Time Travel: LLM-Assisted Semantic Behavior Localization with Git Bisect
Yujing Wang, Weize Hong
TL;DR
The paper tackles semantic fault localization in Git bisect under real-world noise by integrating LLMs into the commit-by-commit traversal and employing structured chain-of-thought prompts to justify decisions. A two-stage fine-tuning workflow with QLoRA (global semantic fine-tuning plus repository-specific fine-tuning) and weak supervision enables robust commit-level reasoning over diffs, achieving a reported increase in bisect success from $74.2\%$ to $80.6\%$ and up to a 2x reduction in average bisect time. The study includes model selection benchmarks, a formal prompting framework with a JSON output schema, and a 32-run end-to-end evaluation across three repositories, supported by statistical significance ($p < 0.01$) and a developer-time study showing substantial productivity gains. The work demonstrates practical improvements for automated debugging pipelines in forked/downstream development contexts and outlines future directions for domain-adaptive prompting and larger-scale dataset curation. All mathematical notation is presented with proper delimiters, e.g., $O(\log n)$ and $\{0,1\}$.
Abstract
We present a novel framework that integrates Large Language Models (LLMs) into the Git bisect process for semantic fault localization. Traditional bisect assumes deterministic predicates and binary failure states assumptions often violated in modern software development due to flaky tests, nonmonotonic regressions, and semantic divergence from upstream repositories. Our system augments bisect traversal with structured chain of thought reasoning, enabling commit by commit analysis under noisy conditions.
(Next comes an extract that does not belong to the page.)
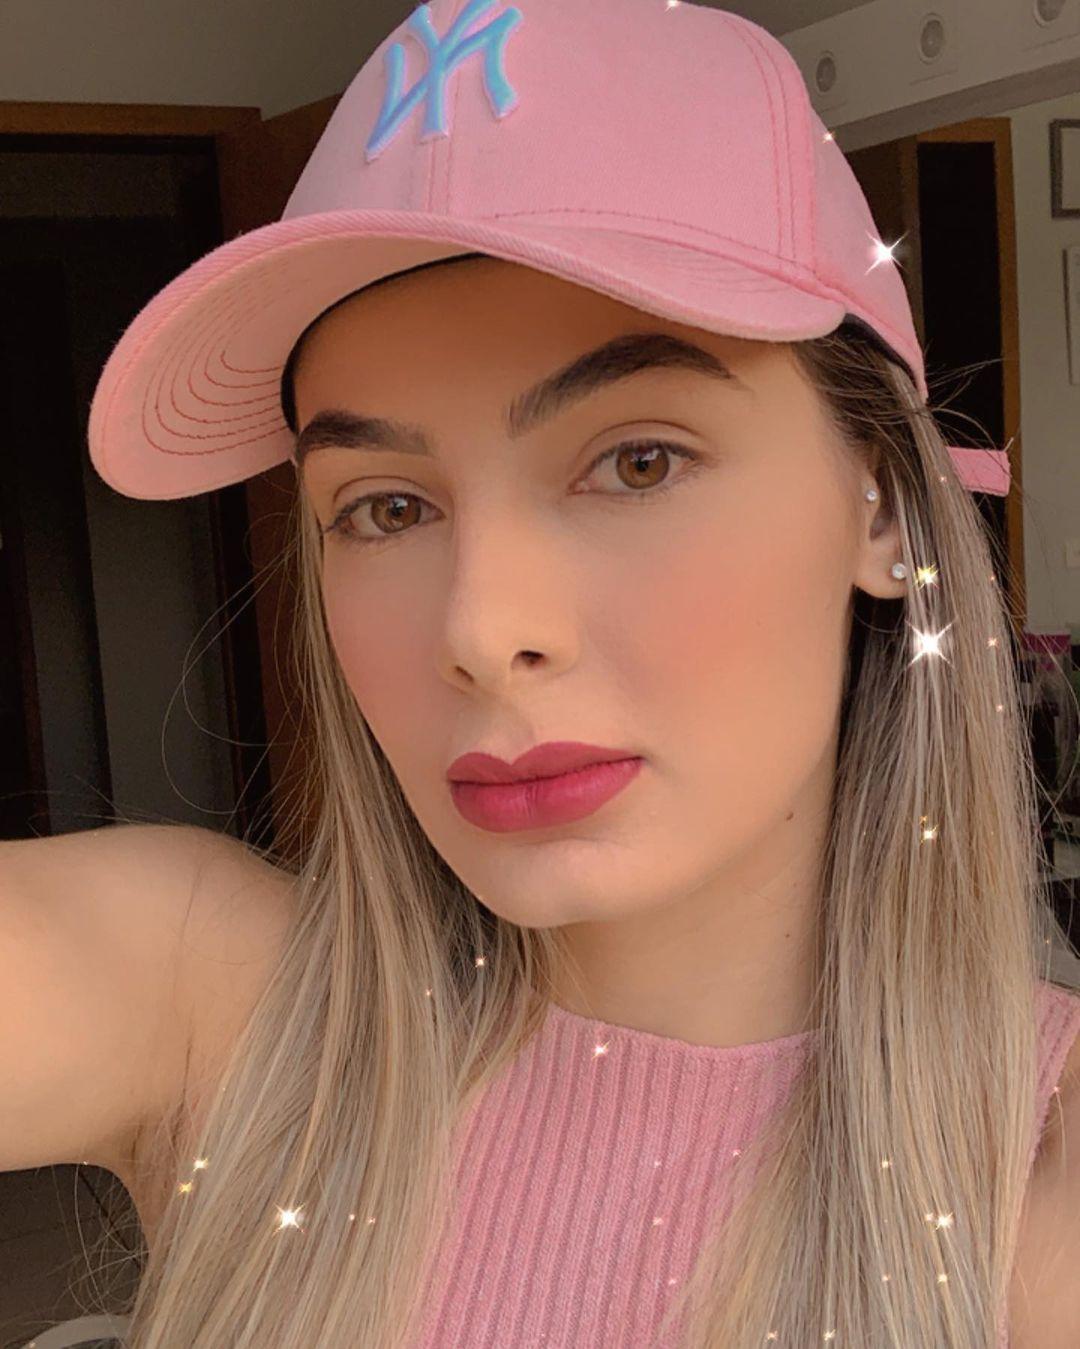 Ana-Jessica-Wallpapers-Insta-Fit-Bio-3

We evaluate multiple open source and proprietary LLMs for their suitability and fine tune DeepSeekCoderV2 using QLoRA on a curated dataset of semantically labeled diffs. We adopt a weak supervision workflow to reduce annotation overhead, incorporating human in the loop corrections and self consistency filtering. Experiments across multiple open source projects show a 6.4 point absolute gain in success rate from 74.2 to 80.6 percent, leading to significantly fewer failed traversals and by experiment up to 2x reduction in average bisect time. We conclude with discussions on temporal reasoning, prompt design, and finetuning strategies tailored for commit level behavior analysis.